News Detail
Jul 31, 2024
Government consults on plan to scrap tax breaks for independent schools
The government has opened a consultation on its plan to scrap tax breaks for fee-charging schools and confirmed it intends to apply VAT to those fees from January.
The Treasury has published a technical note with information on planned changes and launched a seven-week consultation, which will run until 15 September.
The note confirms that fees paid from yesterday for the term starting in January would be subject to VAT and independent schools in England will have to pay full business rates from April.
Independent schools have not been required to charge VAT on their fees because of an exemption for educational organisations.
About half of England’s independent schools are also registered as charities and as such receive an 80 per cent reduction on business rates.

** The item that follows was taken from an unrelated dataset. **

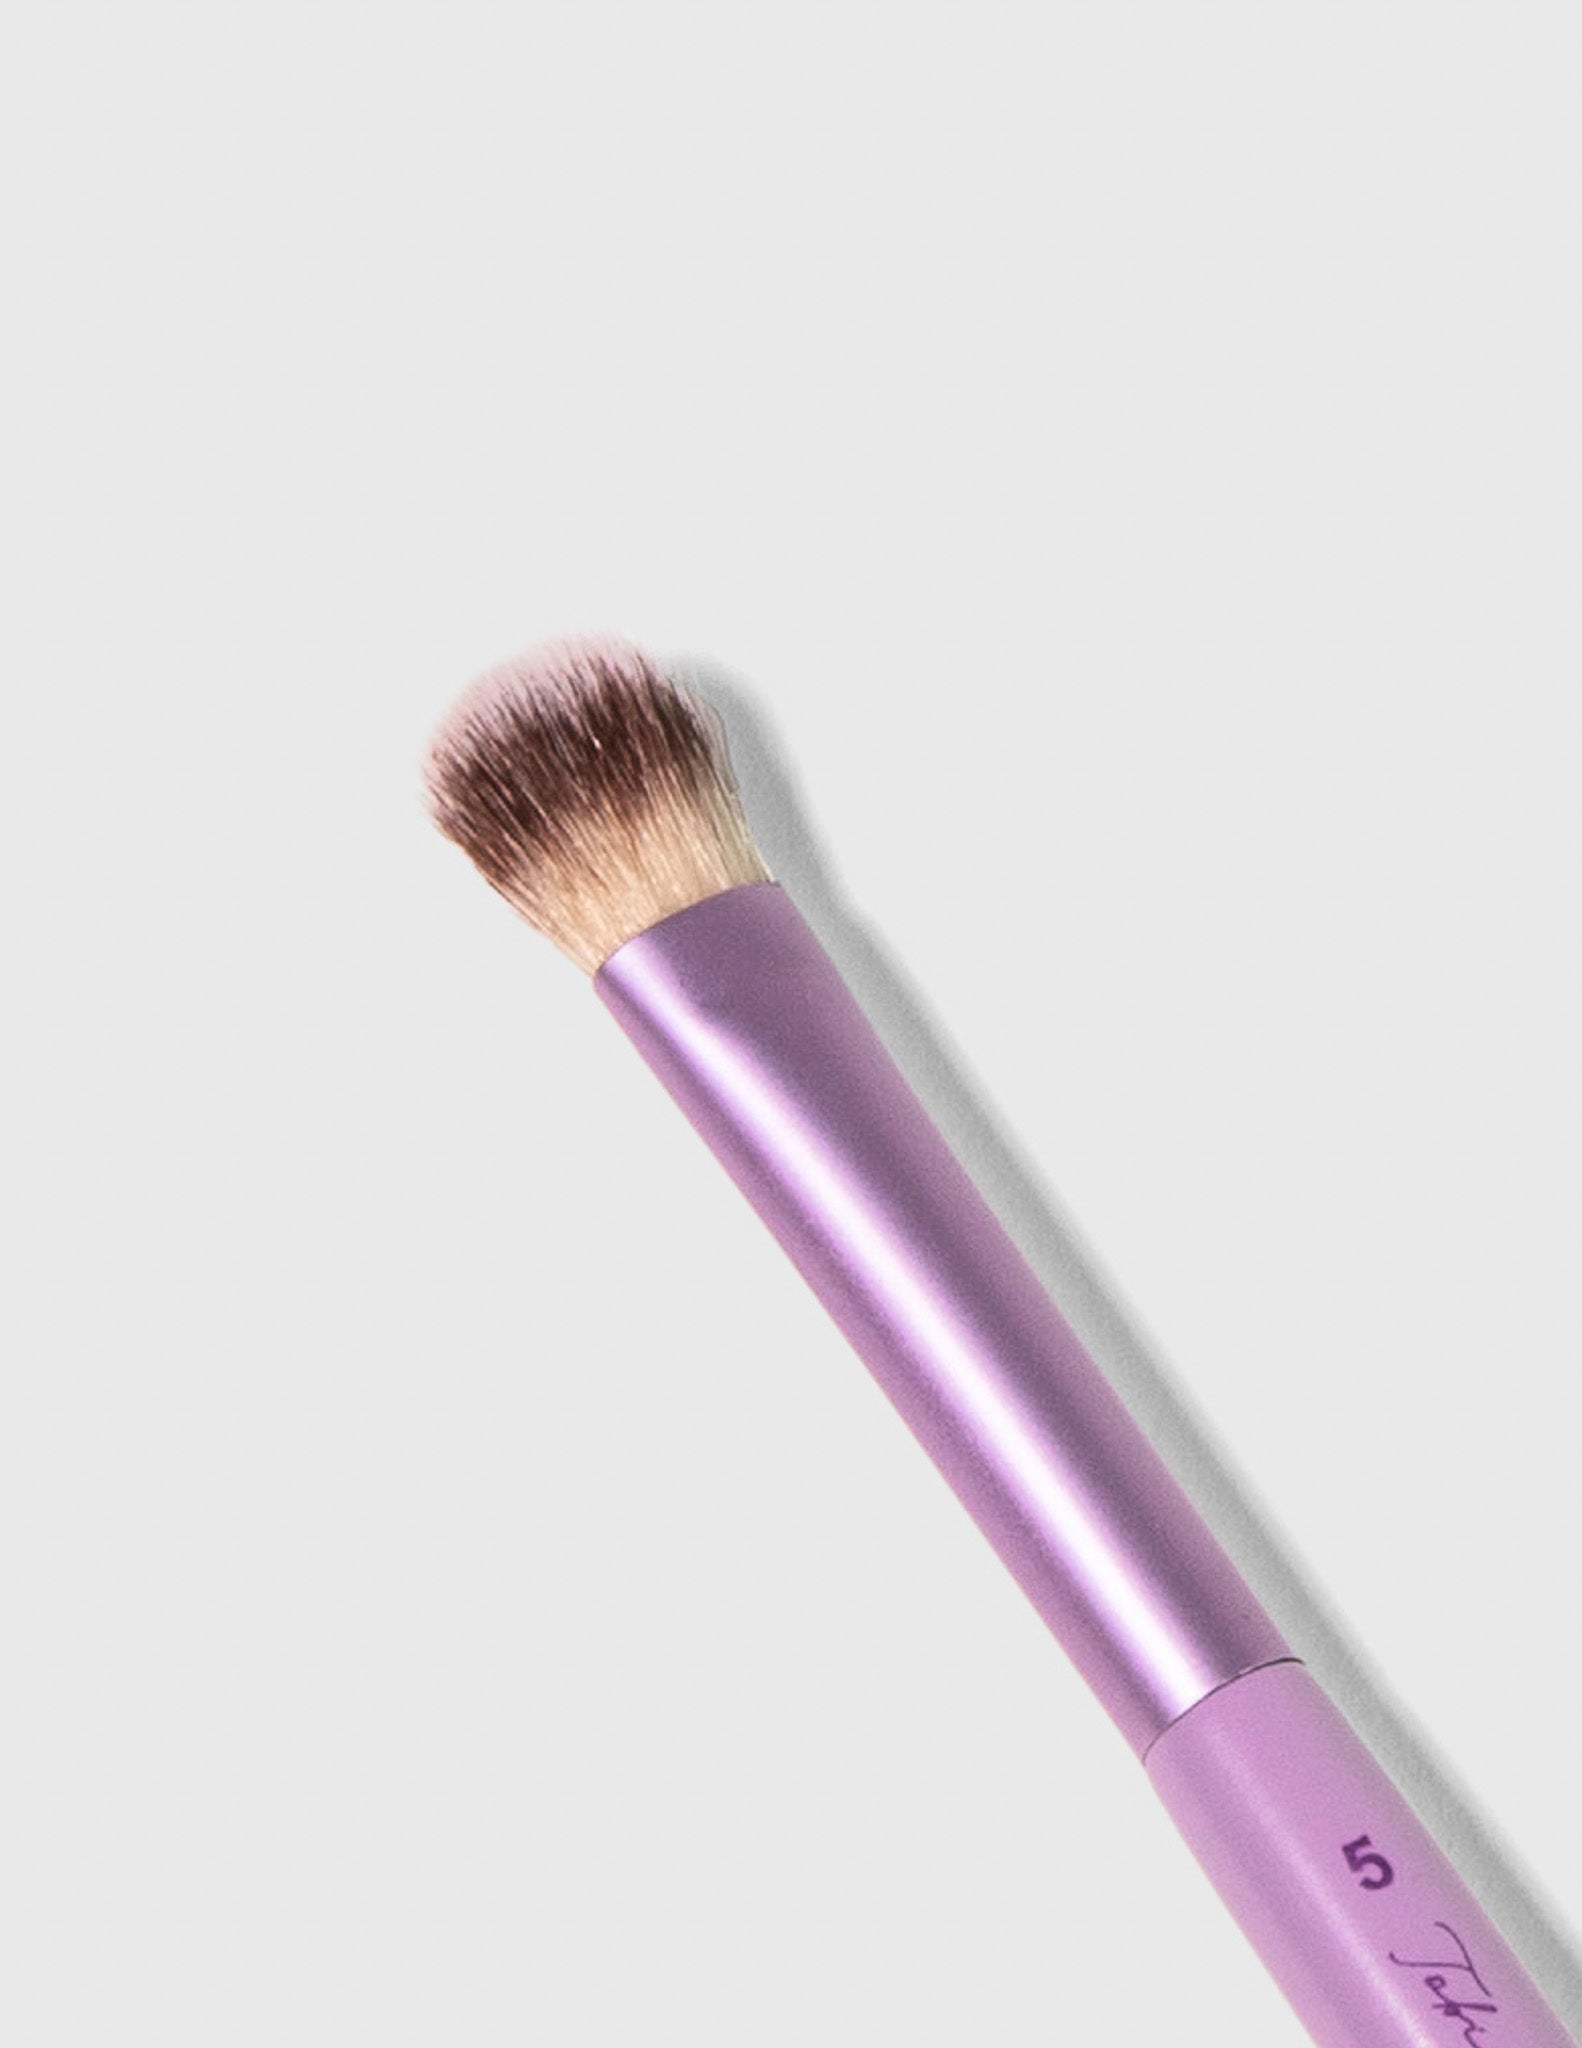 Small Powder Makeup Brush - #5 - Trademark Beauty

The consultation asks whether the legislation “inadvertently capture[s] any organisations that this policy does not intend to capture”.
The government’s note reads: “As of 1 January 2025, all education services and vocational training supplied by a private school, or a ‘connected person’, for a charge will be subject to VAT at the standard rate of 20 per cent.
“Boarding services closely related to such a supply will also be subject to VAT at 20 per cent.”
The document states nurseries would remain exempt, with only the fees of children in the first year of primary in an independent school upwards taxable.
The government said it did not expect fees to go up by 20 per cent as a result of the policy change.
“Rather, the government expects private schools to take steps to minimise fee increases,” the note reads.
On the Third Sector Podcast, Chris Fairbank, director of communications at independent school headteachers’ association The Heads’ Conference, warned that affected schools would have to consider how they allocate their resources.
“Schools spend a huge amount of money and time on staff, letting out facilities, providing services and all kinds of things to support their charitable aims and objectives and to support local charities, and all this change is going to do is make that work incredibly difficult to maintain and sustain,” he said.
“But we know there are specific examples of schools up and down the country that have incredibly close ties with charities in their local communities.
“And we’re not talking about big national charities, but we’re talking about small, community-focused hospices and organisations like that.
“And the work that those schools do, everything will have to be reconsidered and re-evaluated in light of this new financial environment that they find themselves in.”
But Fairbank also said the assumption that schools would just cut all their public benefit “was perhaps a false one”.
Julie Robinson, chief executive of the Independent Schools Council, which represents more than 1,400 schools in the UK and overseas, said: “Thousands of children face having their education disrupted as a result of this unprecedented tax.
“It will increase pressure on state schools and on an already-stretched SEND system, as well as on faith provision, on specialist arts education and on military families.
“The draft legislation was published before consultation with independent schools.
“We will be working over the coming months to engage the government on the consequences of this policy on schools, families and communities – it remains our belief that the best way to improve education for all is for schools to work together, not to tax education.”